Rich UI: Taking advantage of the LCDUI enhancements in MIDP 2.0, the Smart Ticket client offers an excellent user interface. For example, it allows the user to select seats on an interactive seating map, and when you browse a schedule and choose a date, the MIDlet dynamically adds the showtime to the current screen. Cached preferences: User preferences are fully cached to support extreme personalization -- a core value of mobile commerce. For example, you don't need to enter Zip code, credit-card number, or even personal login information every time you use Smart Ticket, which greatly reduces the amount of keypad labor. Offline capability: Limited and unreliable mobile network coverage has hindered the adoption of "always connected" applications based on micro-browsers. J2ME smart clients follow the "occasionally connected" paradigm, using data stored on the device and synchronized with server-resident data as desired - exemplified by Smart Ticket's support for browsing downloaded schedules and rating movies offline. High-performance cache: The downloaded schedule can also serve as a performance cache, even when the device is connected. It reduces the need for multiple round trips, which could be very slow. Smart synchronization: The application caches used by smart clients need to be updated periodically from the back end. Movie schedules can be downloaded directly by the user, and ratings are synchronized through smart agents residing on both client and server.How are those features implemented?
Important Architectural Patterns The Overall MVC PatternThe overall architecture of the Smart Ticket application follows the Model-View-Controller pattern. The application is separated into several logical layers, so developers can change one part without affecting others. Smart Ticket adopts the MVC model as follows:
View: Each view class displays an interactive UI screen and waits for user input. When the user generates a UI event by pressing a button, or selecting an item from a list, the view class's event handler captures the event and passes control to the controller class. Most classes in the com.sun.j2me.blueprints.smartticket.client.midp.ui package are view classes.
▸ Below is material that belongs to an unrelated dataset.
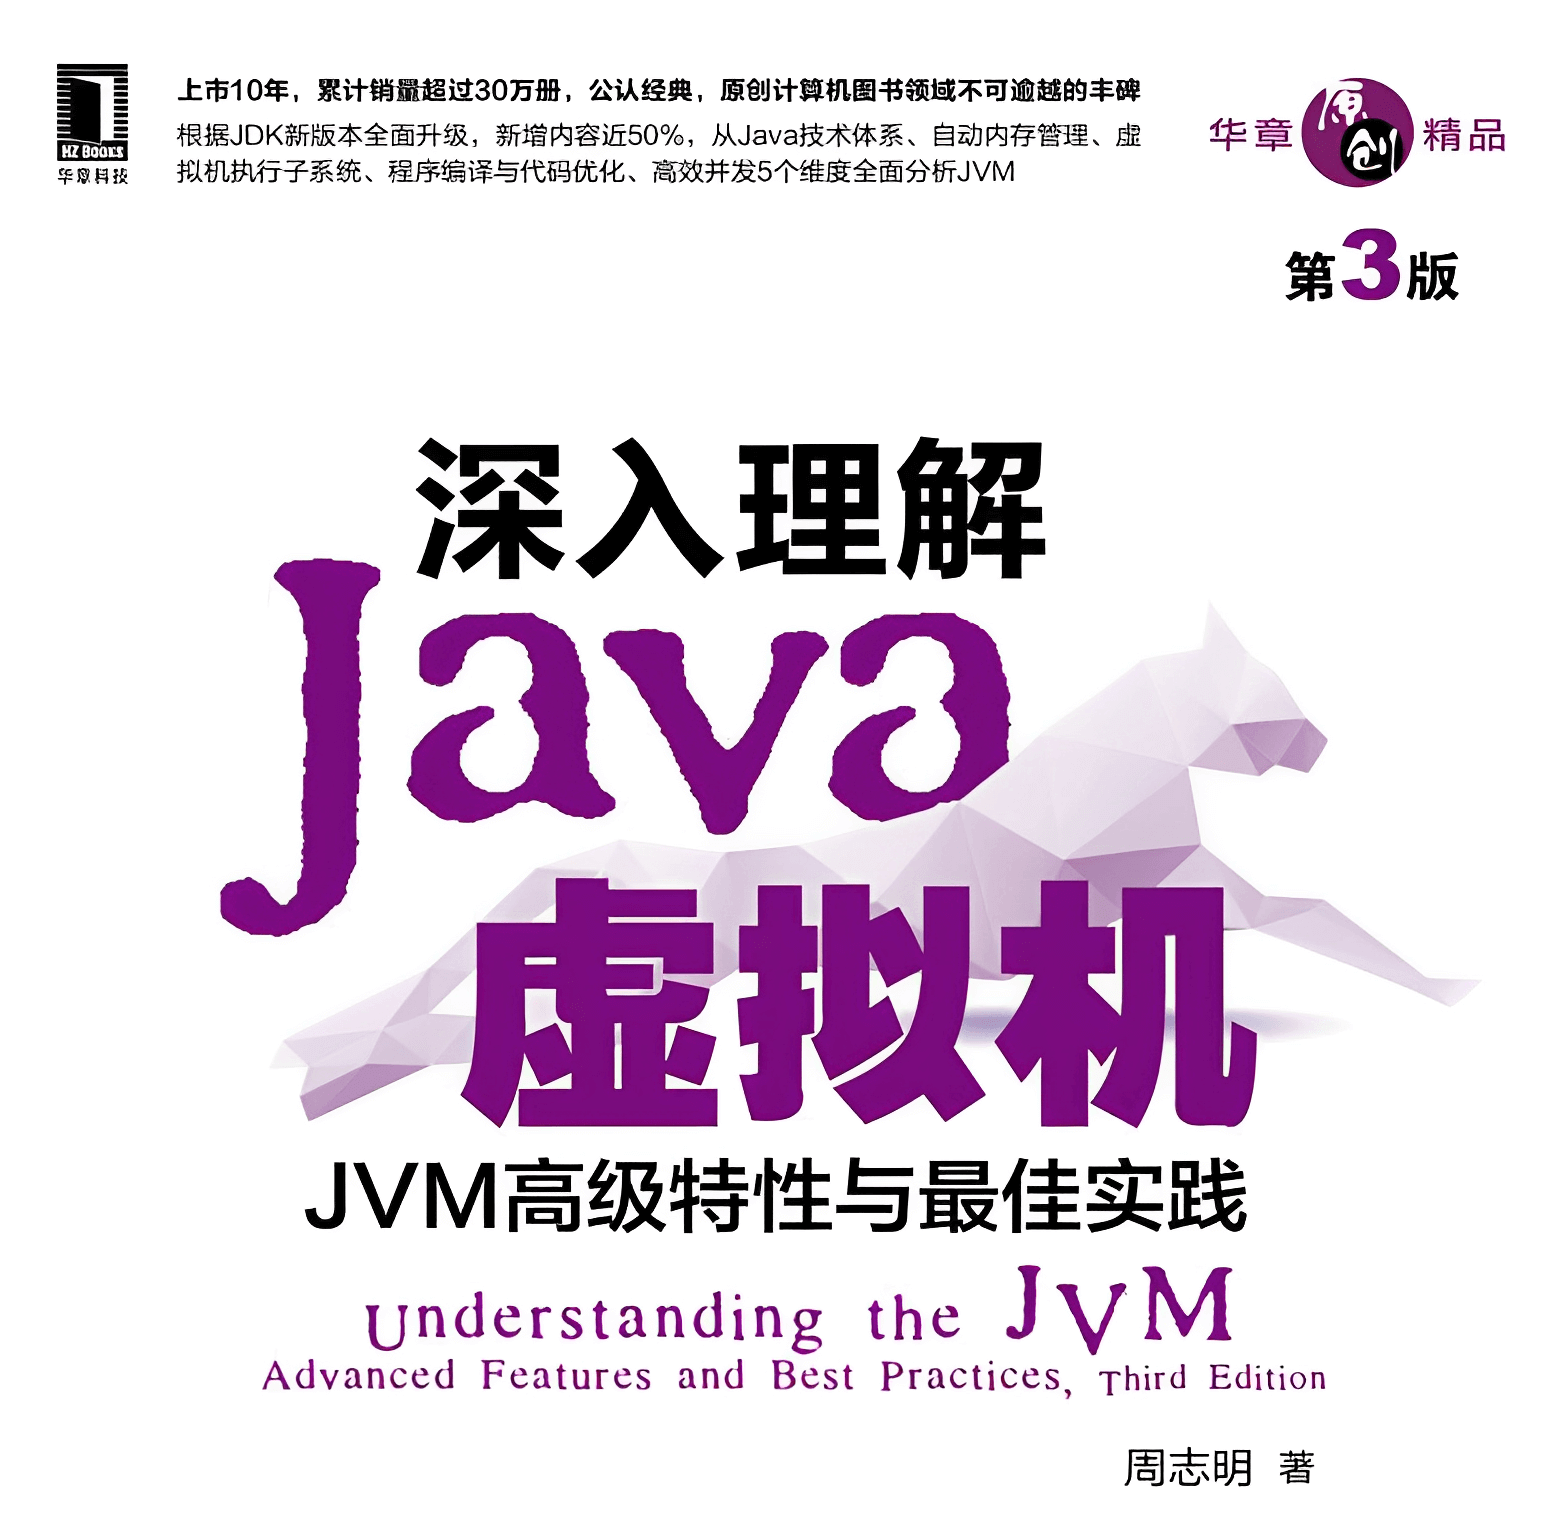 《深入理解Java虚拟机》笔记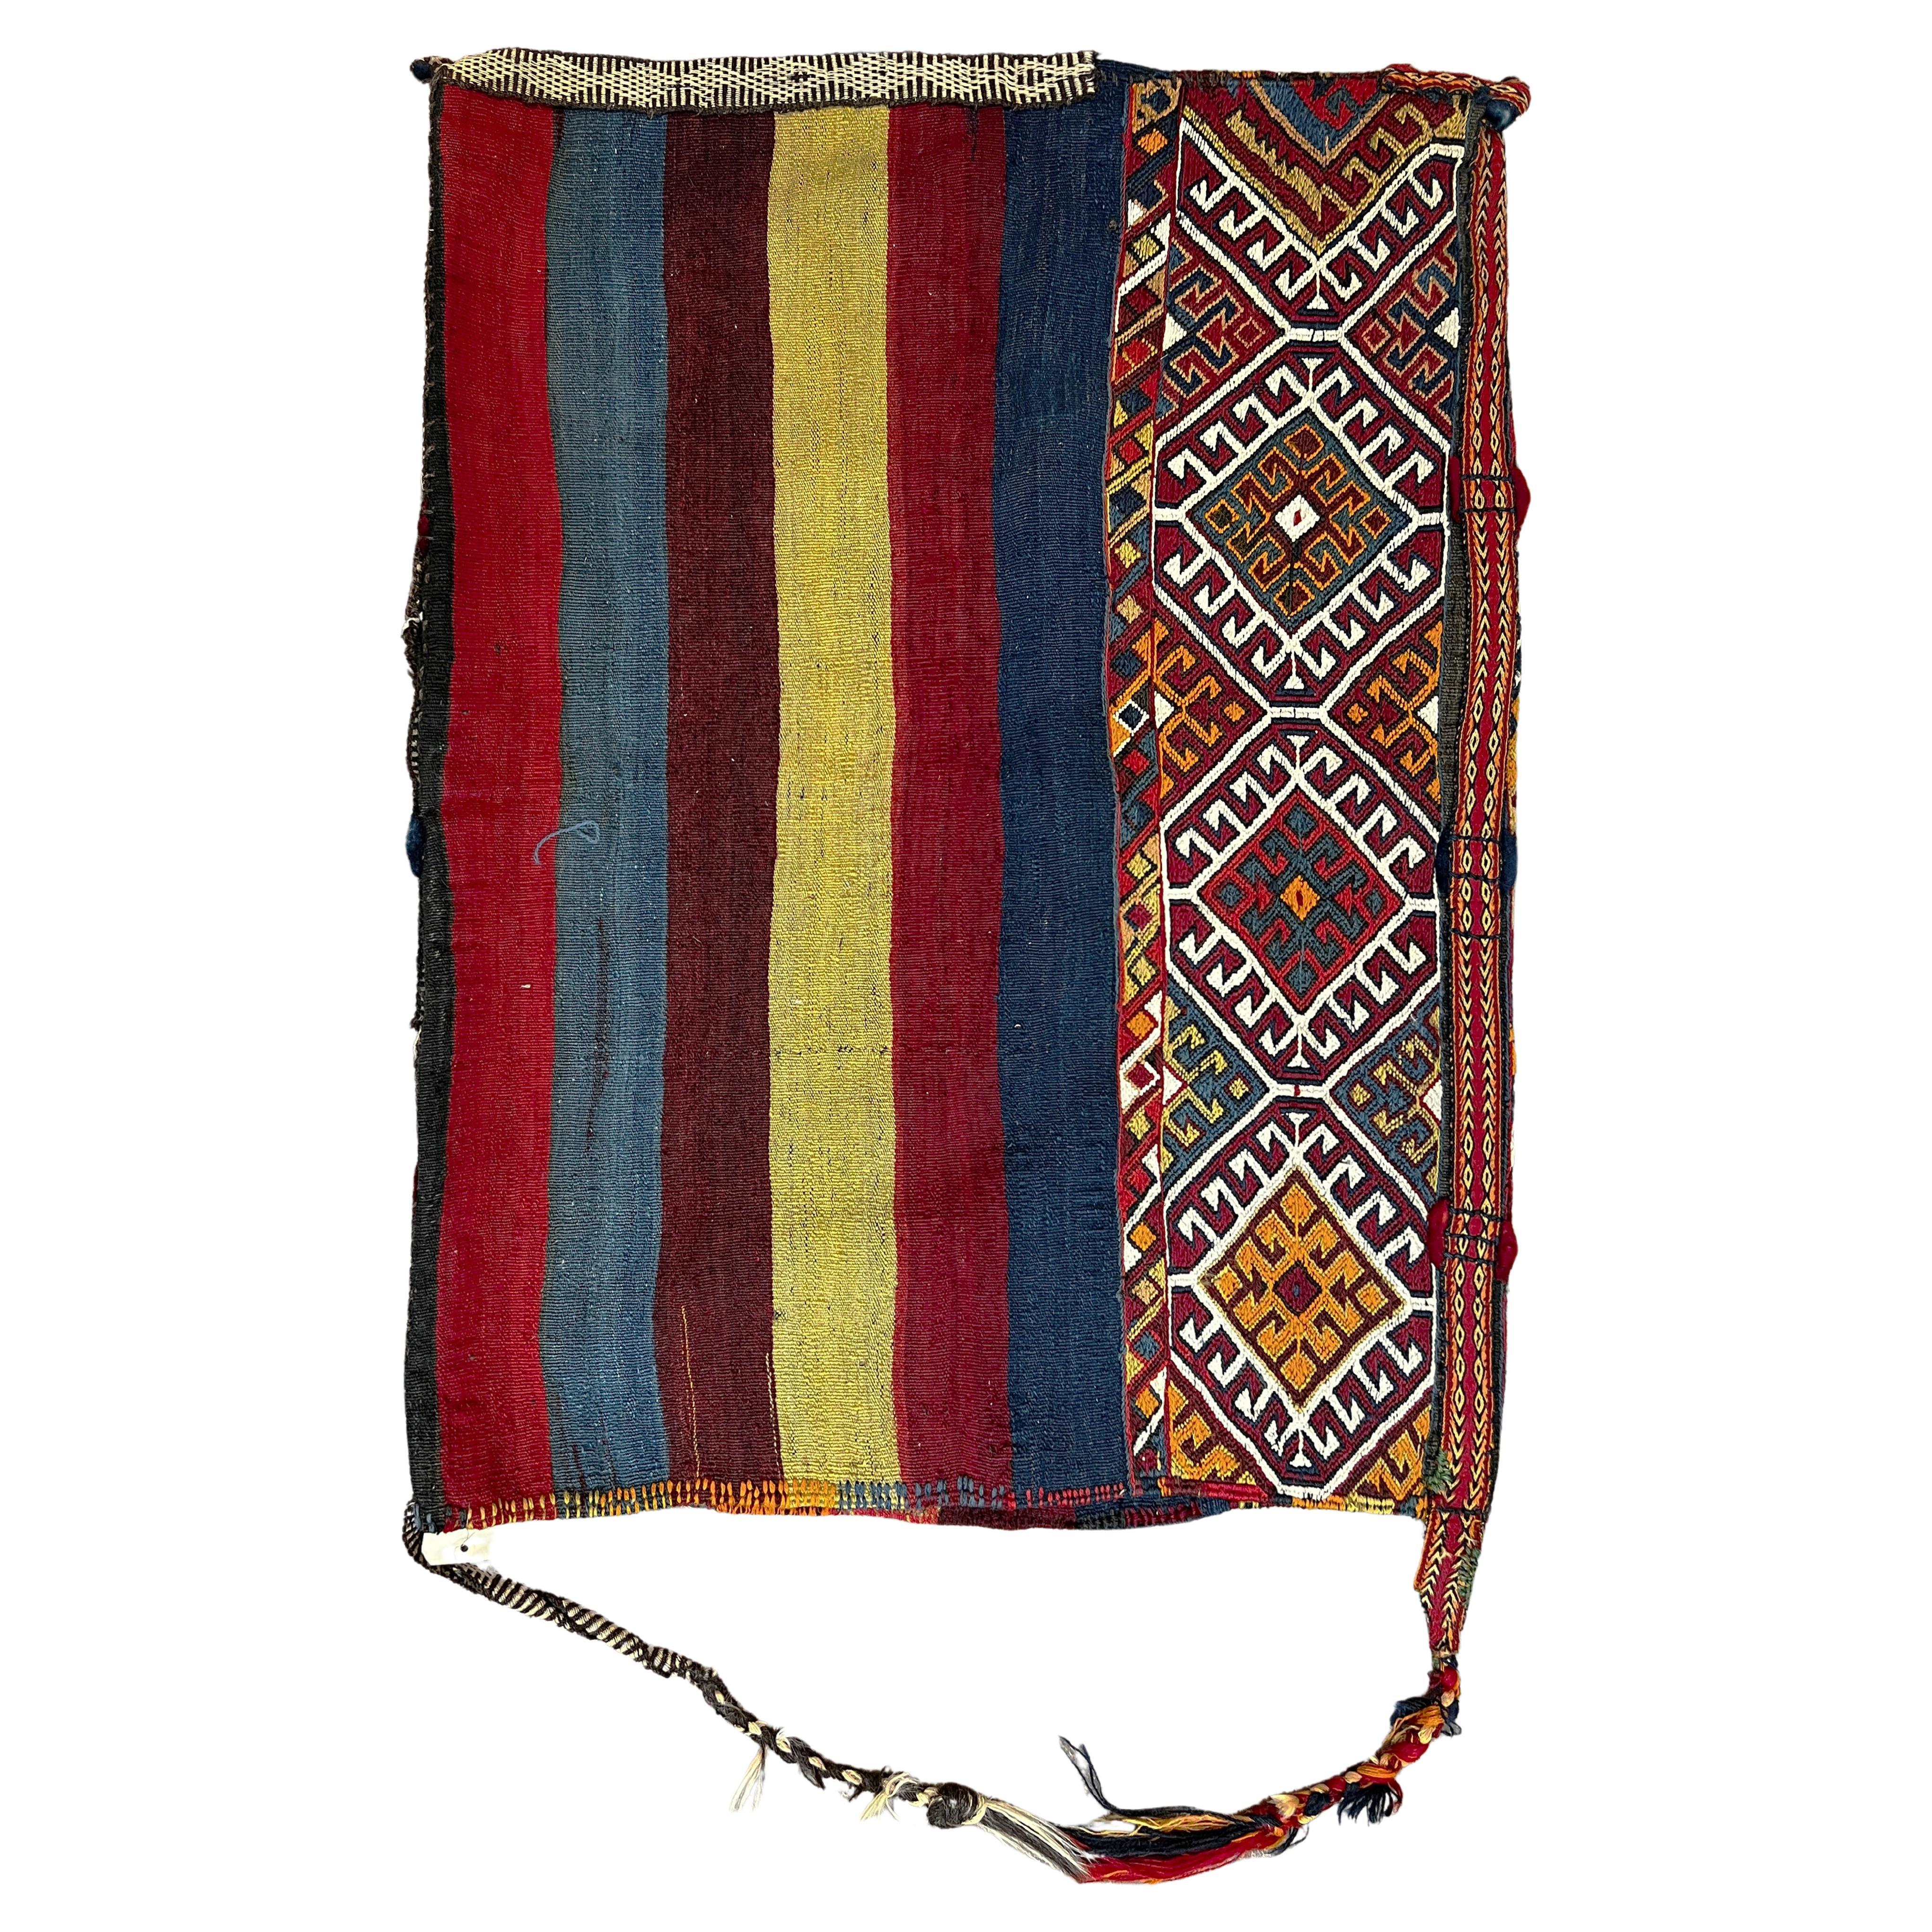 Bag of Turkish Kilim - No. 764 For Sale

public class ChooseMovieUI extends Form implements
CommandListener, ItemStateListener,
ItemCommandListener {
private UIController uiController;
// ...
public void commandAction(Command command, Displayable
displayable) { uiController.commandAction(command,
displayable);
}
public void commandAction(Command command, Item item) {
if (command == selectSeatsCommand) {
if (numOfTickets.getString().length() == 0
|| Integer.parseInt(numOfTickets.getString())
< 1) {
uiController.showErrorAlert(
uiController.getString(
UIConstants.NUM_OF_TICKET_ERR));
} else {
uiController.selectSeatsSelected(
movieSchedules[movieList.getSelectedIndex()],
getShowTimes());
}
}
}
}
Controller: The controller class knows all the possible interactions between the user and the program. In Smart Ticket, the UIController class has one method for each possible action; for example, purchaseRequested(). The action method often starts two new threads, one to perform the action in the background and the other to display a progress bar for the user. The action thread is represented by the EventDispatcher class, whose run() method contains a long switch statement that performs the action requested by invoking appropriate methods in the model layer. When the last-called of these methods returns, the controller initiates and displays the next UI screen.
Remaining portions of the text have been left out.